Engineering services firm John Wood Group PLC (Aberdeen, UK) said it has indicated to Dar Al-Handasah Consultants Shair and Partners Holdings Ltd. (Sidara) that it would be “minded to recommend” a potential cash offer to its shareholders by Sidara to acquire Wood after the latest round of talks between the two companies, as per Chemweek.

Wood said in an announcement on April 14 that the company’s board had received “a holistic non-binding conditional proposal from Sidara.” The proposal includes a possible offer of 35 pence per Wood share in cash to acquire its entire issued and to be issued share capital, a possible capital injection of $450 million from Sidara to Wood, and the seeking by Wood of an extension of, and certain other amendments to, its existing committed debt facilities, it said.

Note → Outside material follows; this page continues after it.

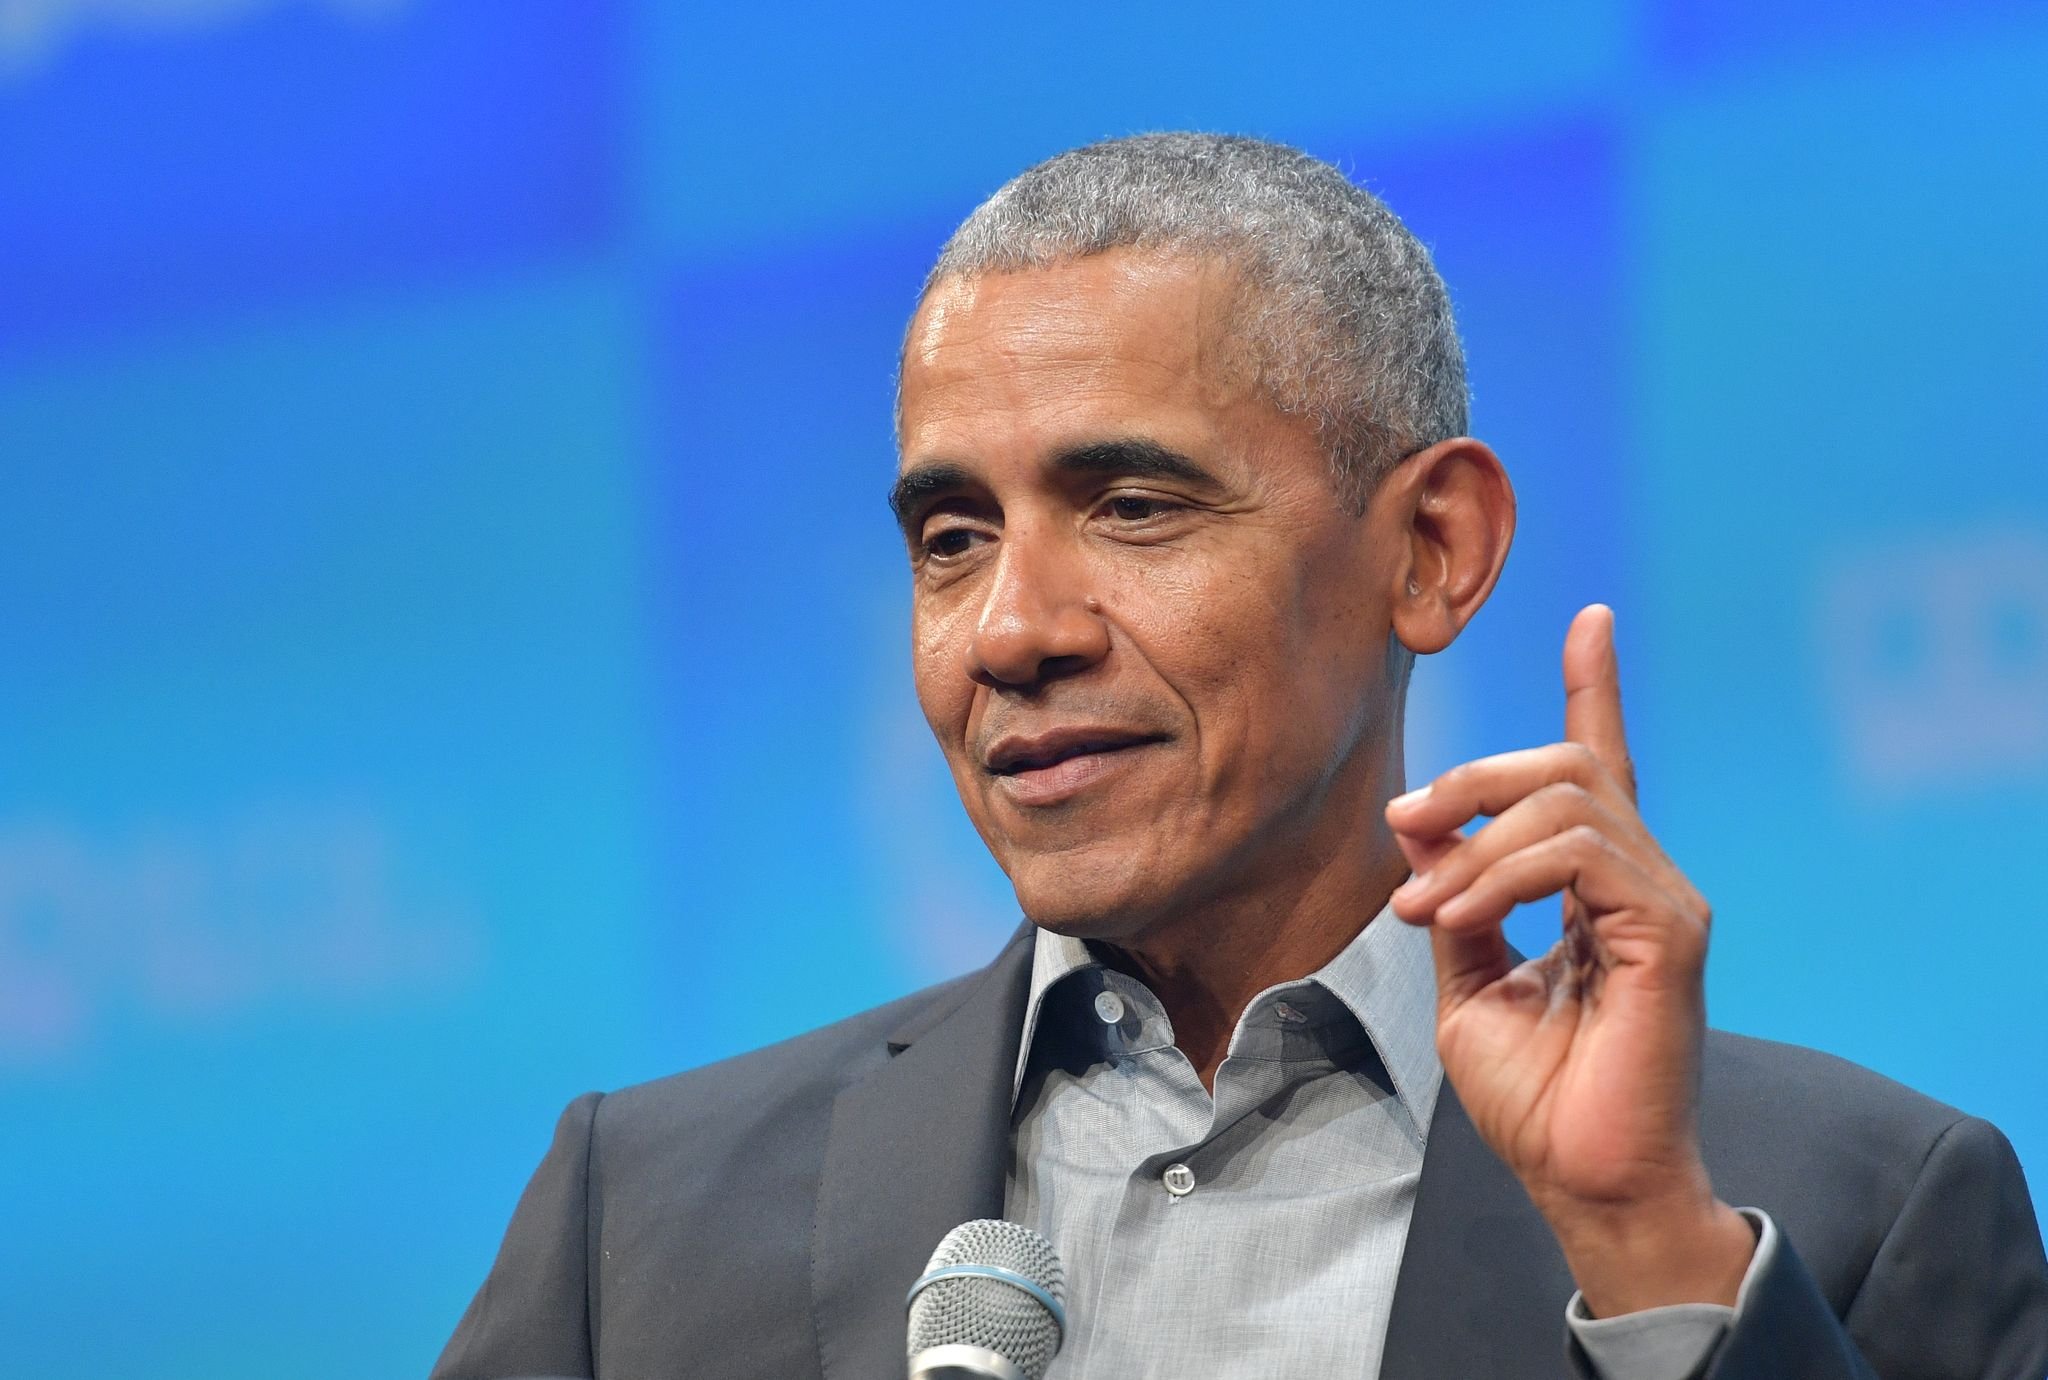 Ο Μπαράκ Ομπάμα κατά την έναρξη της συνάντησης Bits & Pretzels στις 29 Σεπτεμβρίου 2019 στο Μόναχο της Γερμανίας.  |  Πηγή: Getty Images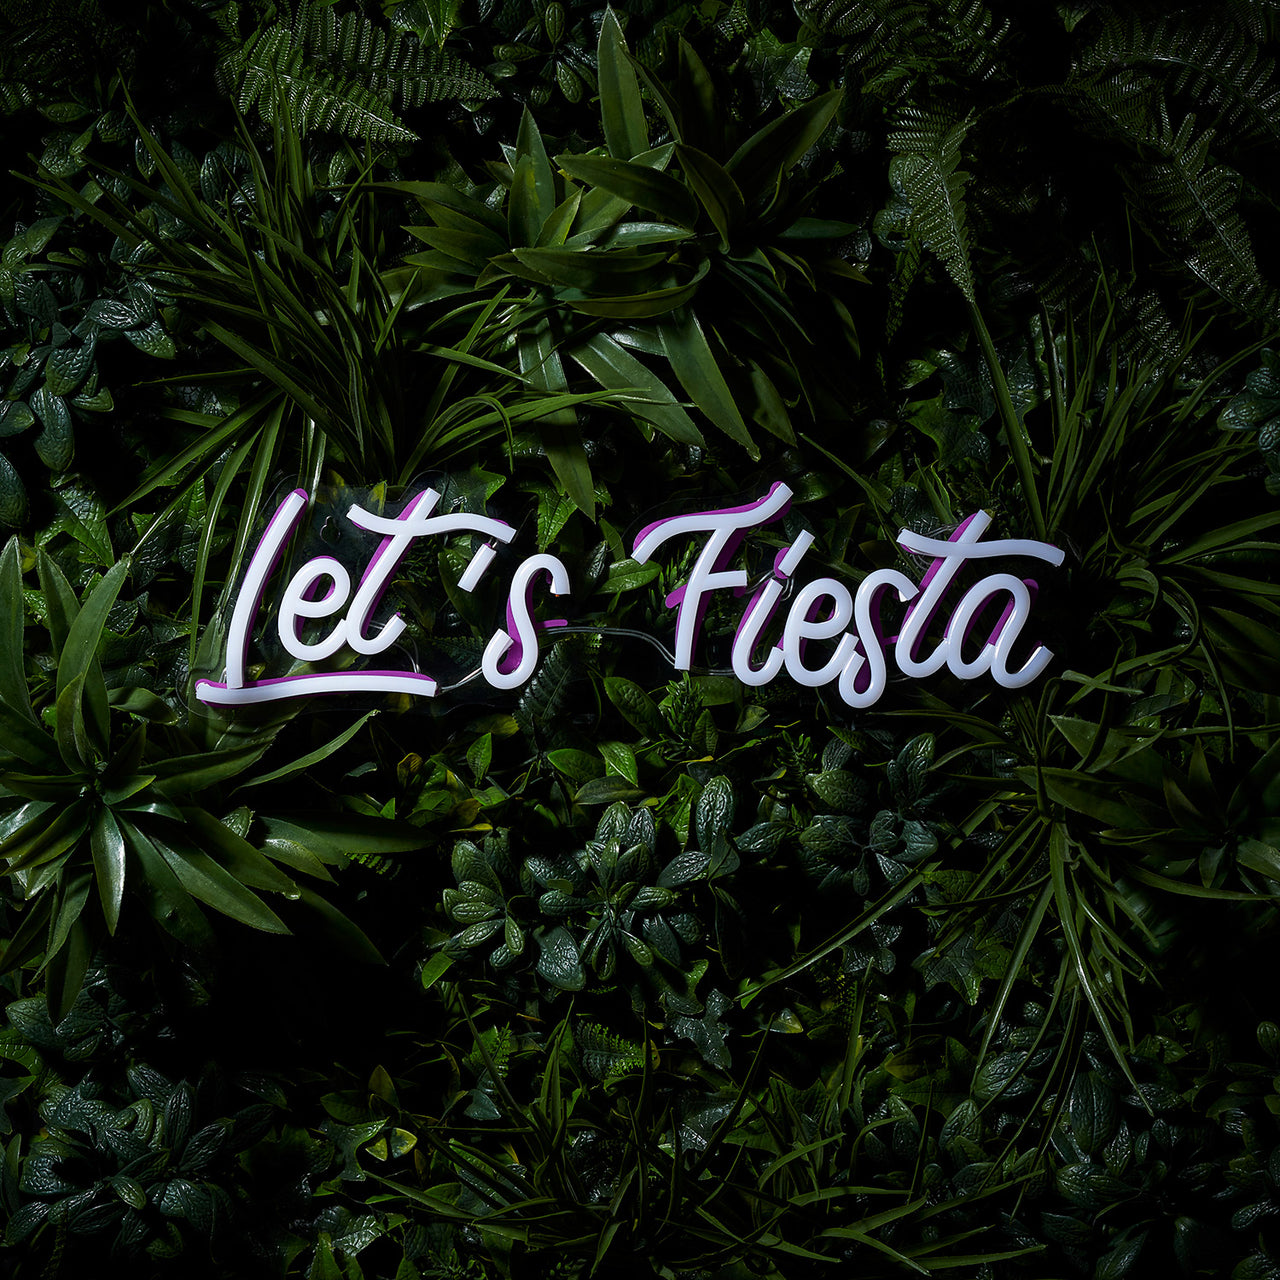 Let's Fiesta Neon Wall Light

The capital injection would see an initial payment of $250 million made upon approval by Wood’s shareholders of the offer, followed by a further $200 million conditional upon completion of the offer, it said.

Wood and Sidara resumed talks last month having previously abandoned negotiations in August last year. Sidara had made several proposals to acquire Wood, with the final proposal in May 2024 offering a final price of ?2.30 per share in cash.

Sidara said in a statement within Wood’s announcement that it has made “significant progress with its due diligence on Wood, including in relation to its review of the points raised in the independent review commissioned by Wood.”

Wood said that work is continuing “on a range of alternative refinancing options” to provide it with an appropriate and sustainable long-term capital structure. “Having carefully considered the viability of these options together with its financial advisers, the Board of Wood currently believes that the Possible Offer represents the better option for Wood’s shareholders, creditors and other stakeholders,” it said.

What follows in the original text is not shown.